The TL Metadata style can be used in the future for exporting DANS notes inside the spreadsheets (and thus being able to reconstruct the same spreadsheet from the RDF data).

SQL translation

TabLinker will have an additional feature to export the resulting RDF model into a relational (SQL) database. To perform this export, a data model based on the concept of an observation will be considered. Likewise Data Cube vocabulary, each cell’s data is considered such an observation, and all additional metadata described above in this document is intended to give additional information on that observation.

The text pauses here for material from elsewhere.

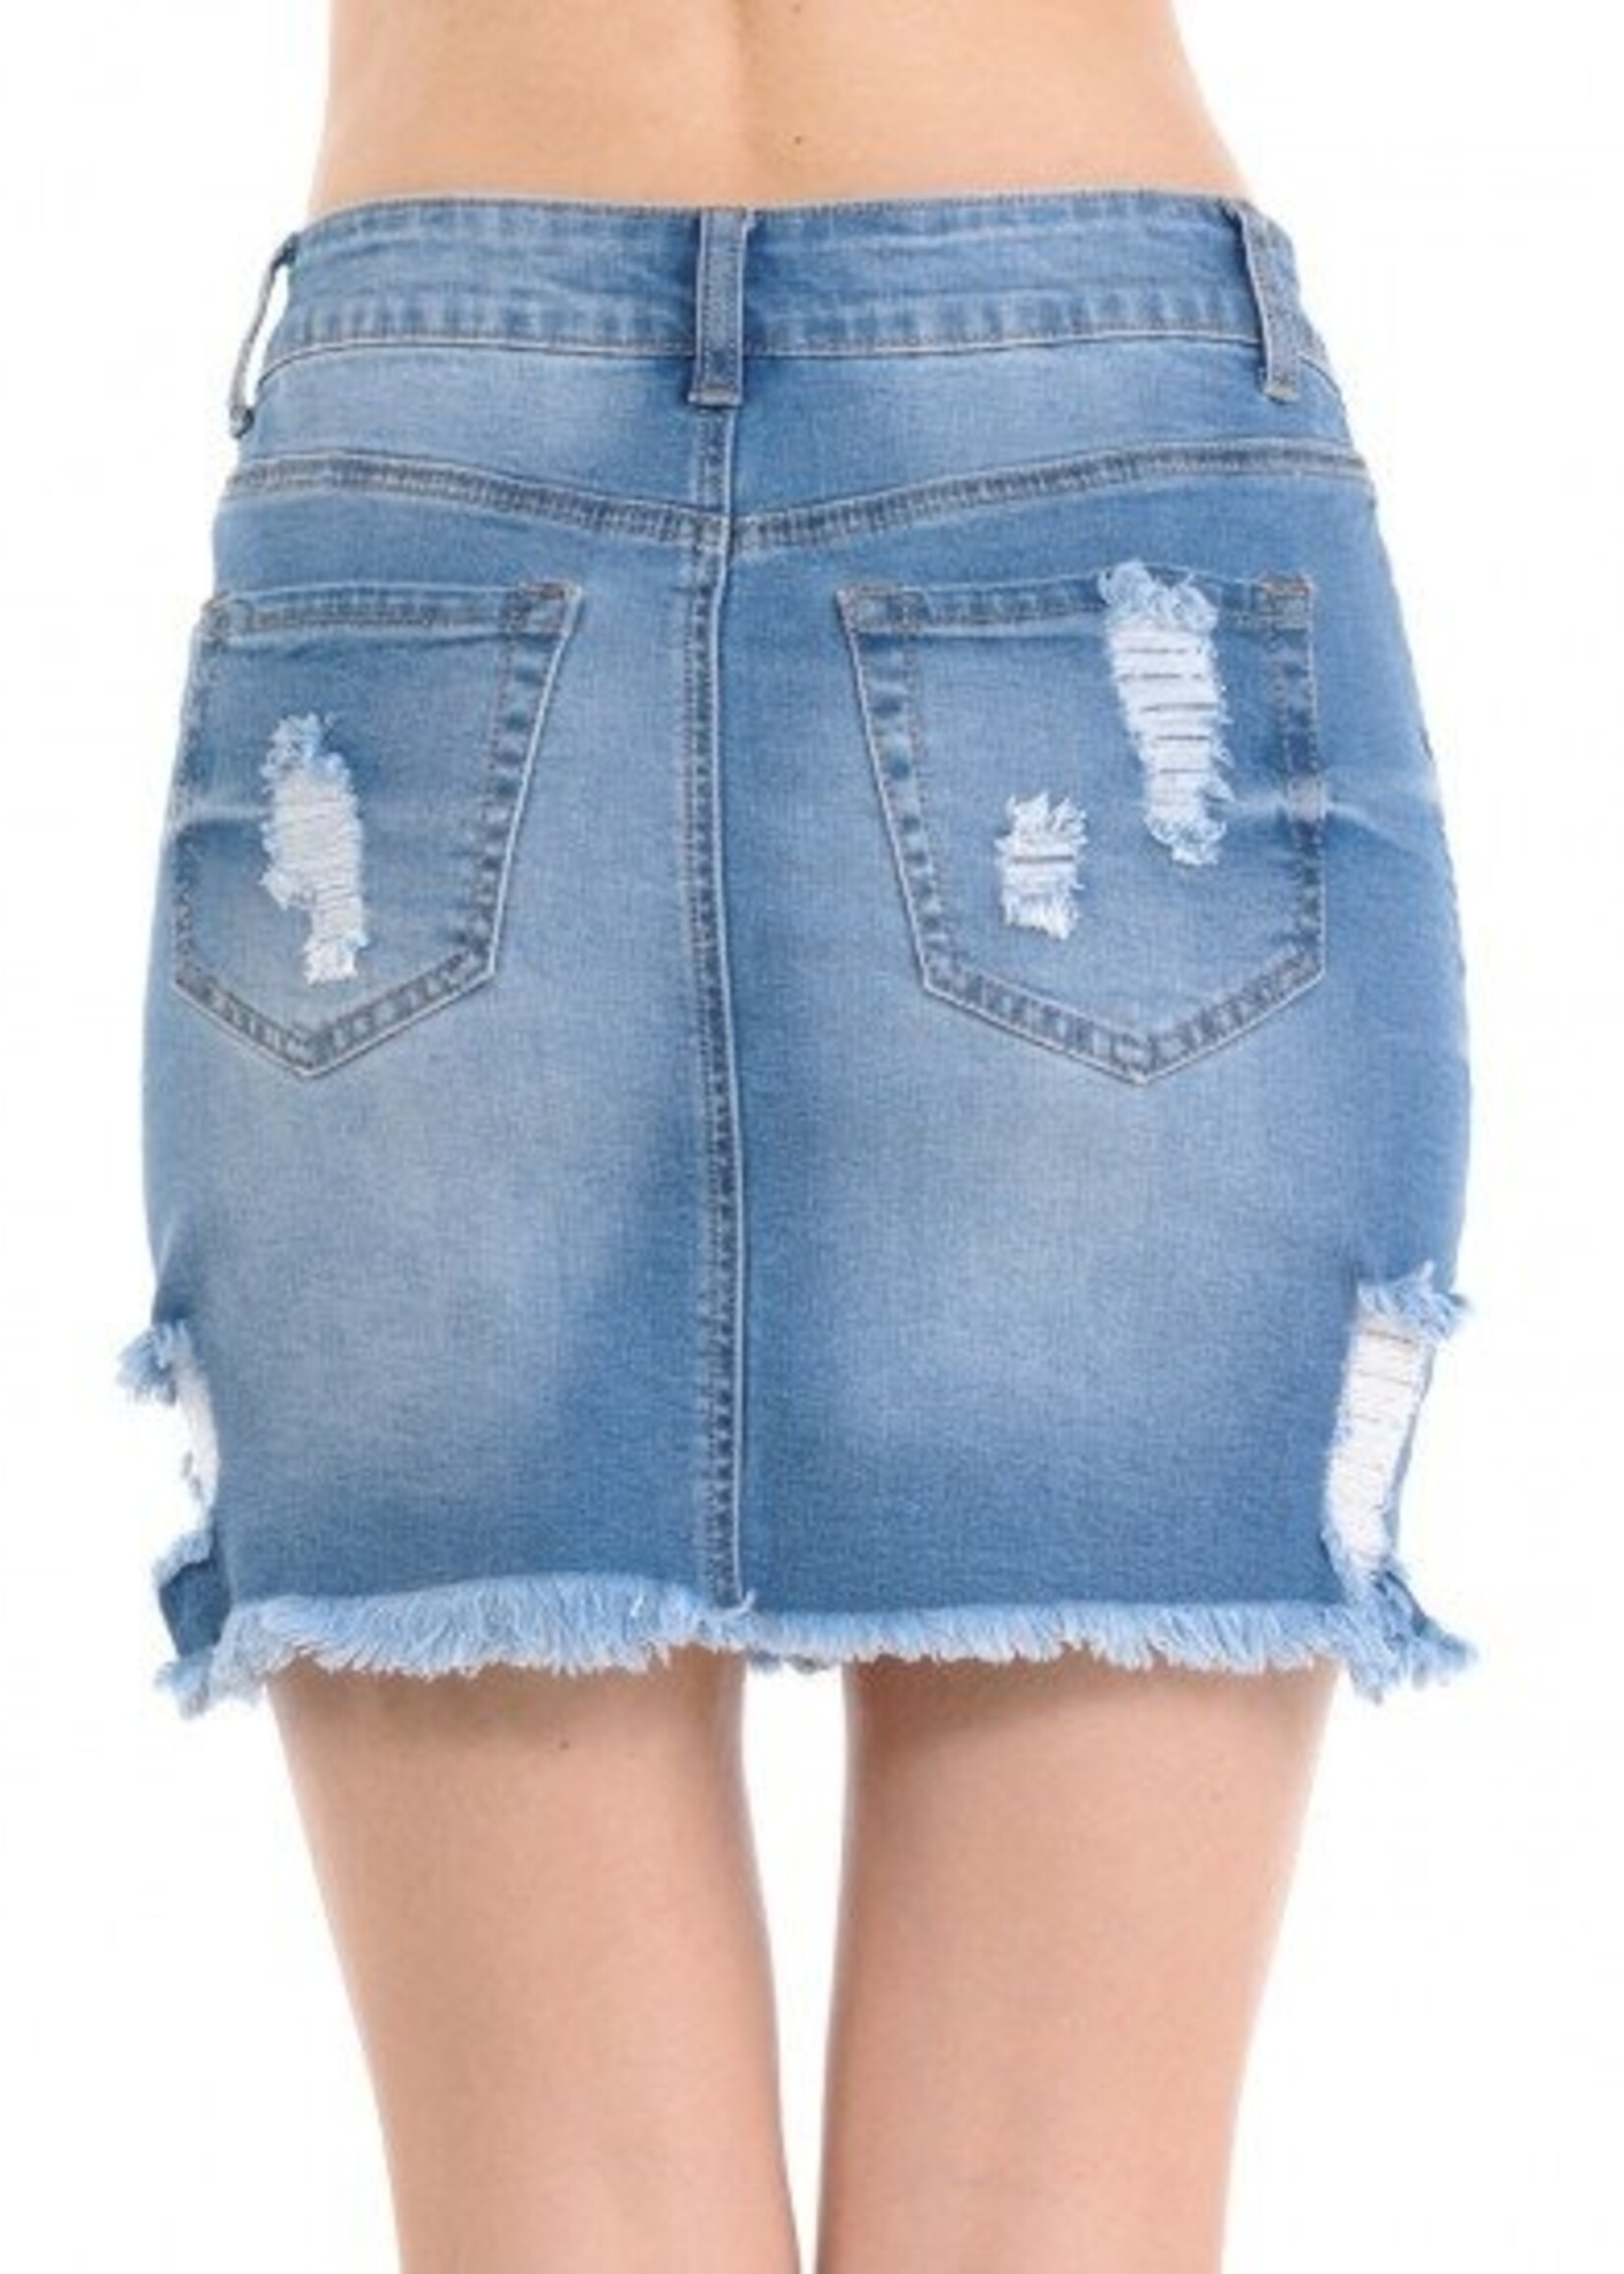 Wax Jeans Skirt Women Small Blue Mini Pencil Denim Fringe Distressed Light  Wash | eBay

Considering again that ‘x’ is a generic ID TabLinker gives to a cell, the resulting SQL export shall consist of a single table of observations with the following structure:

ID Population size Gender Age City Province
x 5 M less or equal than 70 Haarlem NH

Reversal transformation

TabLinker will have an additional feature for, given a previously generated RDF model, reconstruct the original Excel spreadsheet, preserving its data and its structure as well.

Glossary of terms

RDF
The RDF (Resource Description Framework) data model is similar to classic conceptual modeling approaches such as entity-relationship or class diagrams, as it is based upon the idea of making statements about resources (in particular Web resources) in the form of subject-predicate-object expressions. These expressions are known as triples in RDF terminology. The subject denotes the resource, and the predicate denotes traits or aspects of the resource and expresses a relationship between the subject and the object. For example, one way to represent the notion “The sky has the color blue” in RDF is as the triple: a subject denoting “the sky” , a predicate denoting “has the color”, and an object denoting “blue”. Therefore RDF swaps object for subject that would be used in the classical notation of an Entity–attribute–value model within Object oriented design; object (sky), attribute (color) and value (blue). RDF is an abstract model with several serialization formats (i.e., file formats), and so the particular way in which a resource or triple is encoded varies from format to format.
Spreadsheet
A spreadsheet displays multiple cells usually in a two-dimensional matrix or grid consisting of rows and columns (in other words, a table, hence “tabular”). Each cell contains alphanumeric text, numeric values, or formulas. A formula defines how the content of that cell is to be calculated from the contents of any other cell (or combination of cells) each time any cell is updated. A pseudo third dimension to the matrix is sometimes applied as another layer, or layers/sheets, of two-dimensional data. Spreadsheets share many principles and traits of databases, but spreadsheets and databases are not the same thing. A spreadsheet is essentially just one table, whereas a database is a collection of many tables with machine-readable semantic relationships between them. Spreadsheets are often imported into databases to become tables within them. While it is true that a workbook that contains three sheets is indeed a file containing multiple tables that can interact with each other, it lacks the relational structure of a database.
SQL
Structured Query Language is a language designed for managing data in relational database management systems (RDBMS). Originally based upon relational algebra and tuple relational calculus, its scope includes data insert, query, update and delete, schema creation and modification, and data access control.